Ukraine missile evidence ‘not shared with airlines’

Ukraine missile evidence 'not shared with airlines'Carriers would have avoided flying over Ukraine long before Malaysia Airlines flight MH17 crashed, if information about missiles in the area had been passed on, the boss of Emirates has suggested.

Sir Tim Clark told the BBC there had been evidence of weapons for weeks. But he claimed those in the know didn’t share it with most of the carriers flying across the country.

If the airlines had all been told, he suggests, the industry would probably have by-passed the danger zone. And he added that some carriers did appear to know because they were avoiding the area, but they didn’t share the information.
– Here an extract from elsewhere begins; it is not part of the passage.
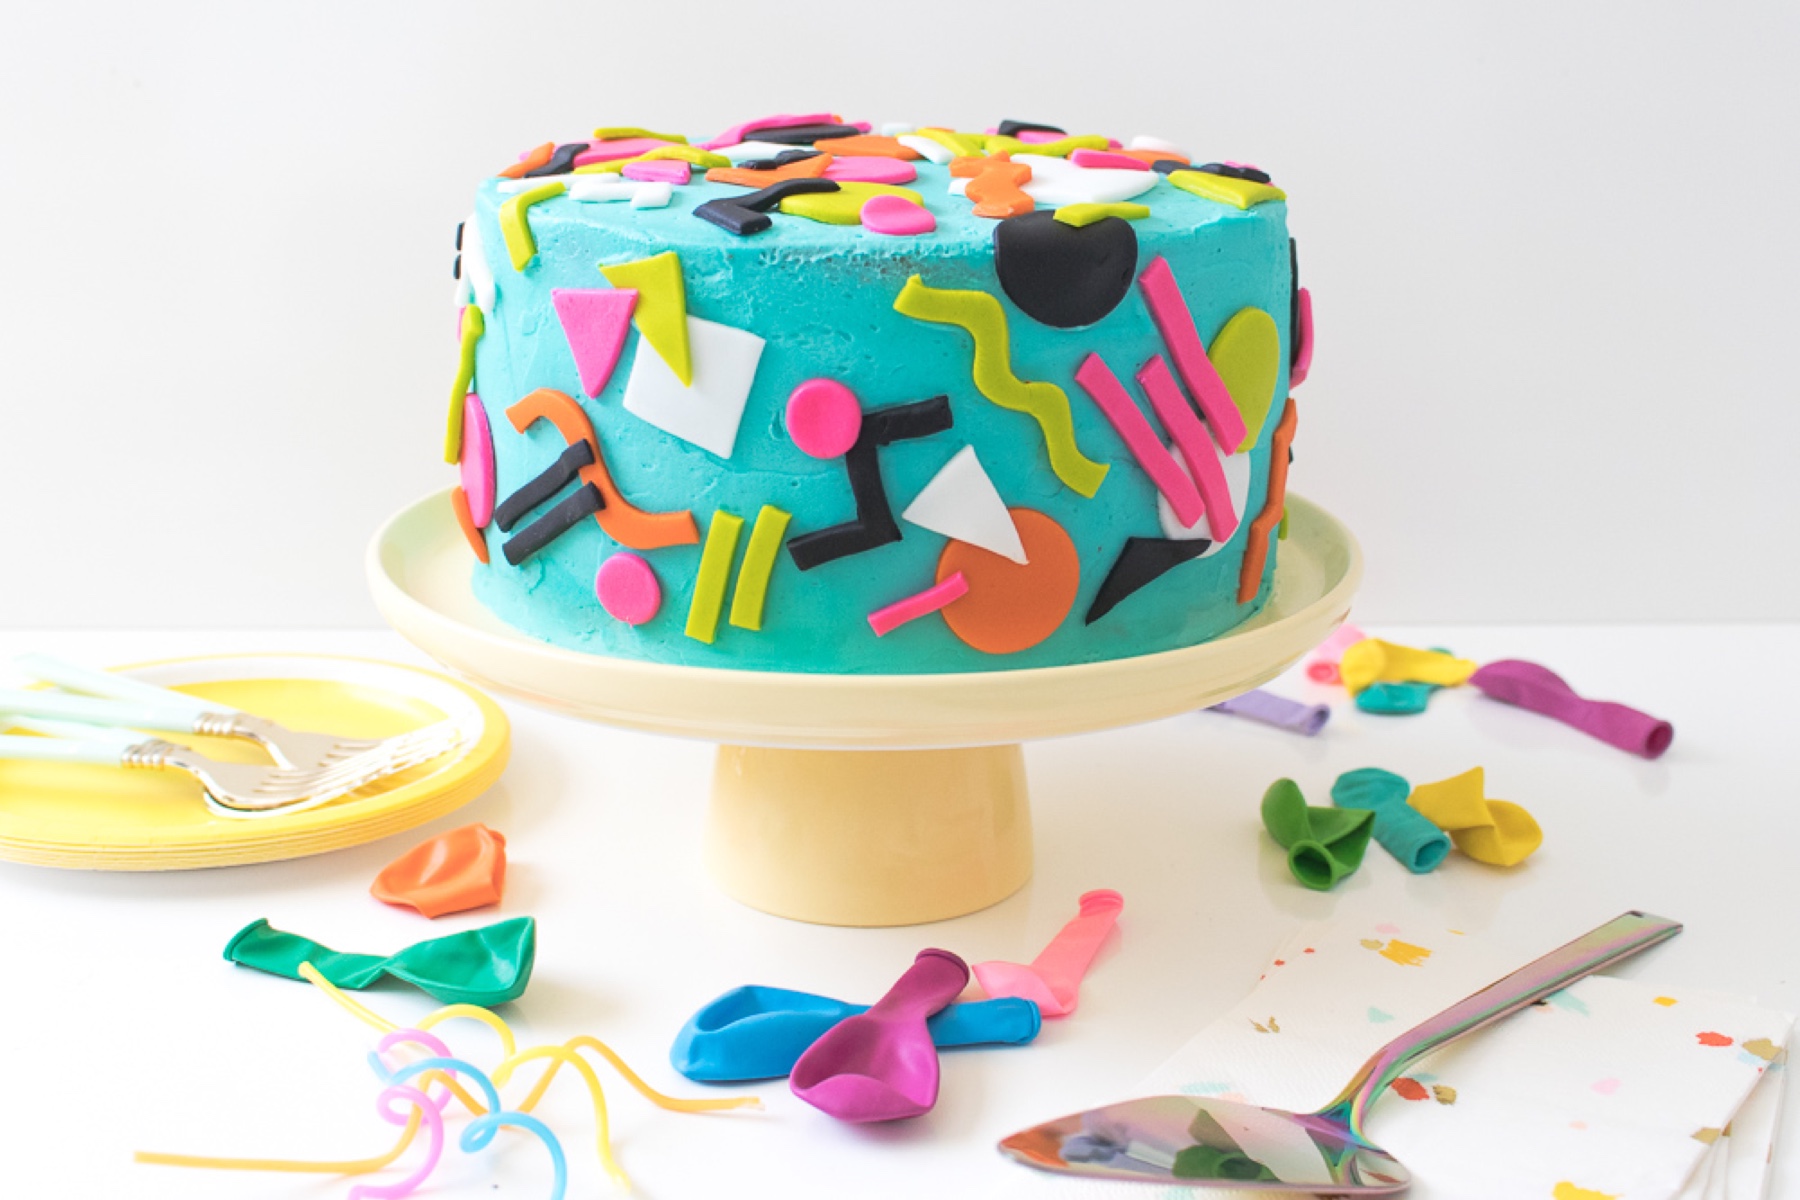 A blue cake decorated with bright Memphis-style geometric shapes.

It is widely believed that a missile downed flight MH17 on July 17, killing all 298 people on board.

Aircraft had been cleared to fly in the area as long as they stayed above a certain height, and a report last week highlighted the fact that three other large passenger jets were in the same area at roughly the same time as the Malaysian flight.

Sir Tim said: “There was evidence that these missiles had been on site, in situ for a number of weeks beforehand.

“Emirates did not know of that fact, and I don’t think many others did. Had we known that, we would probably have reacted in a manner that would have seen a complete avoidance of Ukrainian airspace, probably as an industry.

“We have a concern that information was known by certain stakeholders… and should have been passed… at least to the industry, to the organisations that regulate the industry.

“We understand now that certain carriers were aware of that and had already taken avoidance action.”

British Airways was among several airlines that had been avoiding Ukraine for weeks. But in a recent BBC interview, Willie Walsh, chief executive of parent company International Airlines Group, said that decision was based on information that was publicly available at the time.

Sir Tim is called for an information “clearing house” to be set up, that can warn all airlines if there are any new threats in an area.

Sir Tim also said a “Yes” vote for Scottish independence would heighten the need for a new runway in the south of England. Although he made clear that he didn’t want to get involved in the politics of the decision, he told the BBC:

“Clearly, if they do become independent they will develop their own civil aviation strategies, they will probably develop Glasgow, Edinburgh and Aberdeen. But therefore there is more impetus required for the remaining parts of the UK to develop their aviation strategy, to fill a gap.”

Like so many others in the business world, the Emirates’ president says that doing nothing is not an option, be it expansion at Heathrow, Gatwick, or even at London mayor Boris Johnson’s preferred location in the Thames Estuary.

After four decades in the business Sir Tim says he’s seen airport expansion plans come and go, but there really does seem to be an urgency to do something this time,

Sir Tim made the point that the UK also needs to grow all of its regional airports, including Manchester, Birmingham, Newcastle and Cardiff, which he described as having great potential.